Les producteurs de betteraves inquiets: le prix de leur récolte ne sera connu que dans un an

Qui accepterait d'être payé des mois et des mois après avoir effectué son travail ? Les producteurs de betteraves sont dans cette situation. Pour l'instant, c'est l'heure de la récolte. Mais les agriculteurs devront attendre un an pour connaître le prix exact de leur production à la tonne. La Raffinerie Tirlemontoise, avec qui les agriculteurs signent des contrats, justifie sa politique.

Avec la suppression des quotas betteraviers, Eric Royer, agriculteur à Fexhe-Slins, avait semé, au mois de mars, 90 hectares de betteraves, soit 20% de plus que l'an dernier. Les rendements sont bons, mais le producteur s'inquiète du délai entre la récolte et le paiement de la Raffinerie Tirlemontoise. L'exploitant agricole explique: "Vous ne plantez pas les betteraves comme vous voulez. En été 2016, nous avons dû choisir les parcelles qui seraient destinées à la culture betteravière. A cette époque, nous ne connaissions pas encore les modalités du nouveau contrat. Ce contrat a été finalisé et signé juste avant les plantations et nous ne saurons que fin 2018 quelle sera la rentabilité finale de notre culture betteravière".

Une situation incroyable

C'est une situation incroyable pour les agriculteurs qui ont le sentiment d'être pris pour des idiots. "On nous prend pour des cons au niveau des nouvelles normes de réception. Nous allons recevoir un acompte de 15 euros par tonne au mois de décembre, un autre petit acompte au mois de mars et le solde au mois de novembre, donc un an après la livraison, ce qui n'est absolument pas admissible", explique Roger Bataille, agriculteur à Lens-Saint-Servais.

Les dégâts du gel

La récolte de l'agriculteur se trouve pour l'instant sous bâche. Elle sera transportée à la râperie de Longchamps au mois de janvier. En espérant éviter les conséquences du gel. Eric Royer explique : "Nous sommes aujourd'hui fin novembre. La moitié de notre production est entrée en sucrerie. Le reste est à livrer, une partie dans le courant du mois de décembre et le solde seulement fin janvier. Notre plus grande crainte, c'est le gel. Une betterave, tant qu'elle est gelée, est travaillable mais notre plus grande crainte est d'avoir une grosse période de gel début janvier et un dégel rapide à partir du 15 janvier, ce qui pourrait mettre à mal la production qu'on devrait jeter".

La Raffinerie Tirlemontoise se justifie

Les responsables de la Raffinerie Tirlemontoise sont disposés à revoir les dates de paiement.
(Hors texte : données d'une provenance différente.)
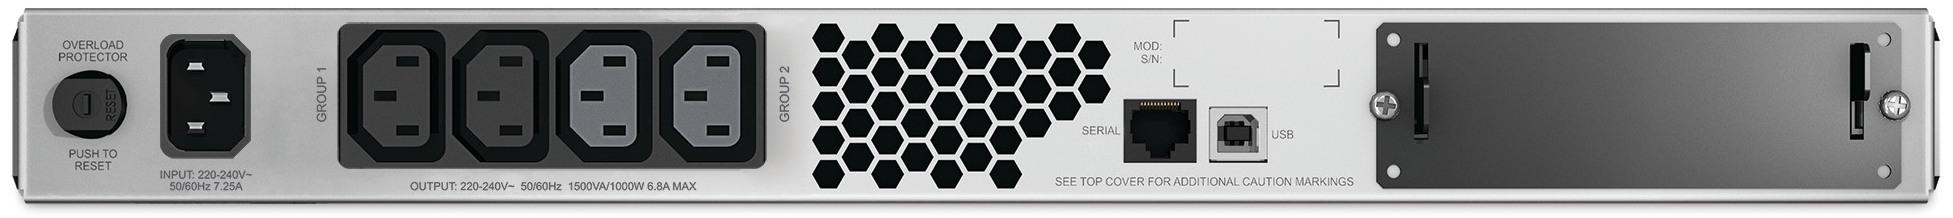 APC-by-Schneider-Electric-Smart-UPS-SMT1500RMI1U-Rear

Pour cette année, par rapport au versement du solde, un an après la récolte, l'entreprise sucrière justifie sa politique. "Le sucre est en train d'être vendu pour le moment, donc nous ne connaissons pas encore le prix de vente de tout le sucre qui va être produit pendant cette campagne. Ce qui explique qu'il y a un délai par rapport à la connaissance du prix de vente final du sucre que nous allons produire pendant cette campagne", dit Lucie Lejeune, bioingénieure à la Raffinerie Tirlemontoise.
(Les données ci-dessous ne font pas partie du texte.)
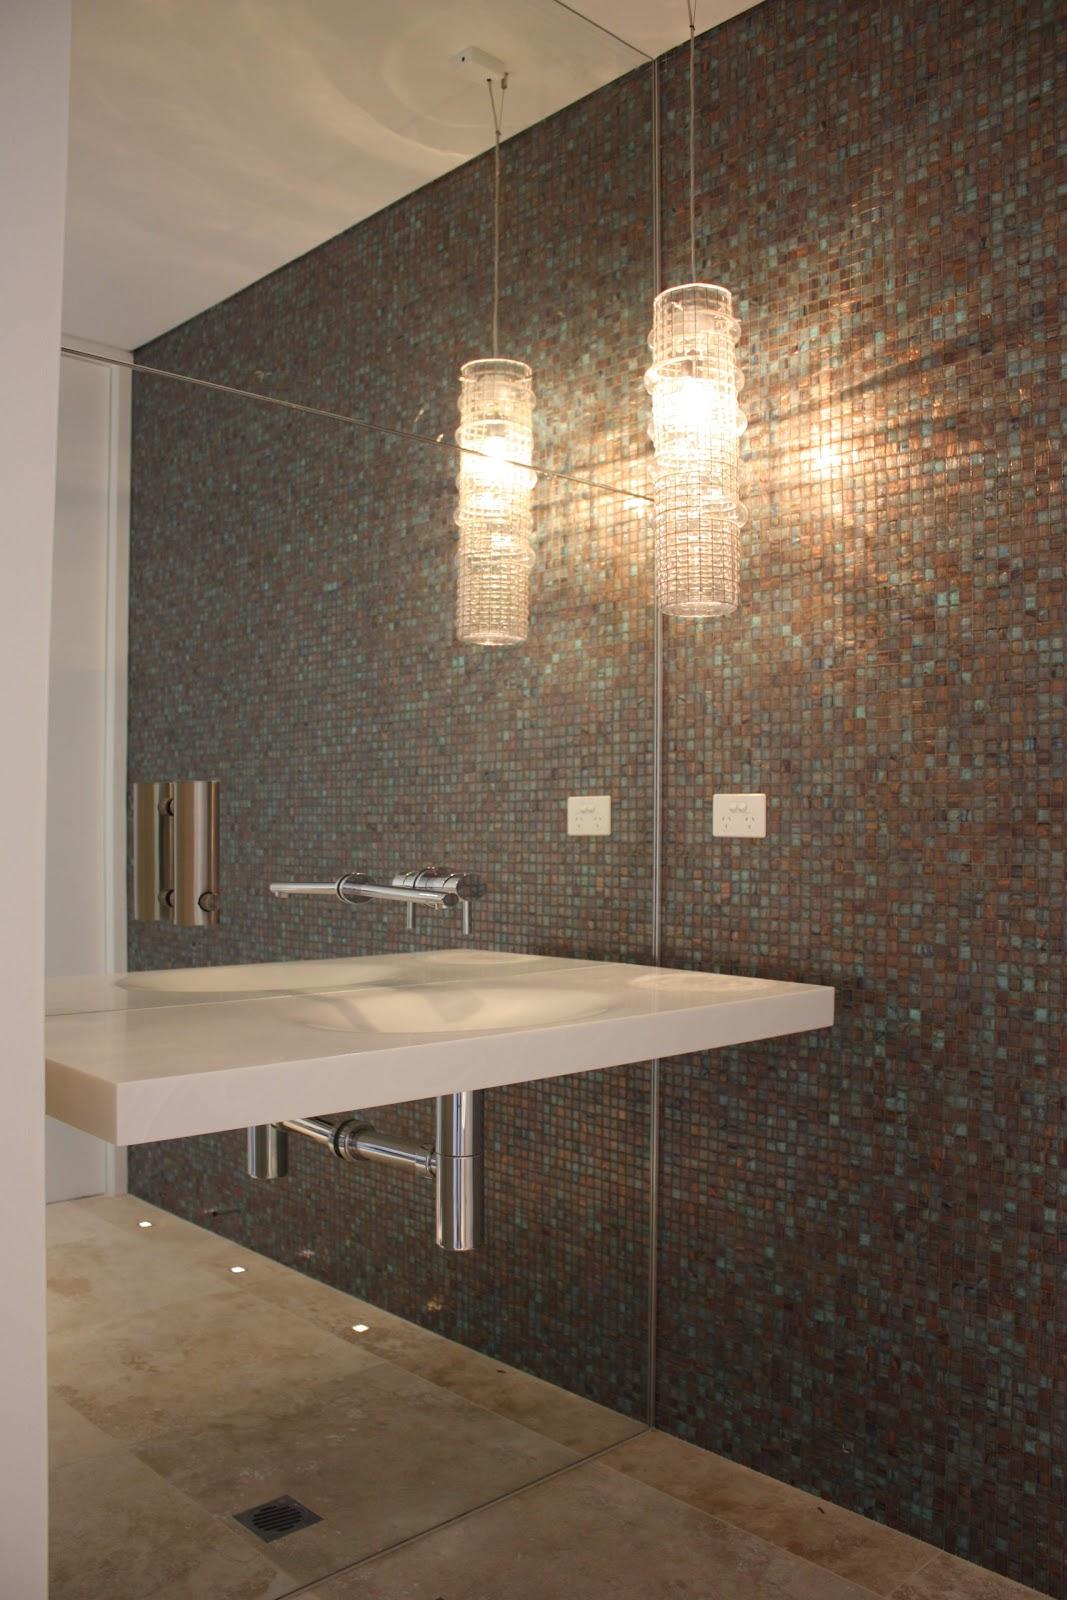 Minosa Travertine Bathrooms The Natural Choice Modern Design

Se diversifier est nécessaire

Les agriculteurs ont tout intérêt à ne pas mettre tous leurs oeufs dans le même panier. Roger Bataille produit également des pommes de terre. Il stocke sa marchandise dans un hangar et a l'objectif de la vendre au meilleur prix. "On espère toujours, en diversifiant, avoir plus de cordes à son arc. Ici, nous sommes sur un marché tout à fait différent, il y a de la concurrence, il y a de la demande pour la pomme de terre. Nous maîtrisons mieux la commercialisation, donc on espère au bout de l'année avoir une rentabilité correcte de notre ferme".

Une rémunération décente

Les producteurs de betteraves mettent en garde les dirigeants de la Raffinerie Tirlemontoise. Si cette culture ne leur rapporte pas une rémunération correcte, ils ne sèmeront plus de betteraves. Pour produire du sucre, la Raffinerie Tirlemontoise a besoin d'eux à tout prix.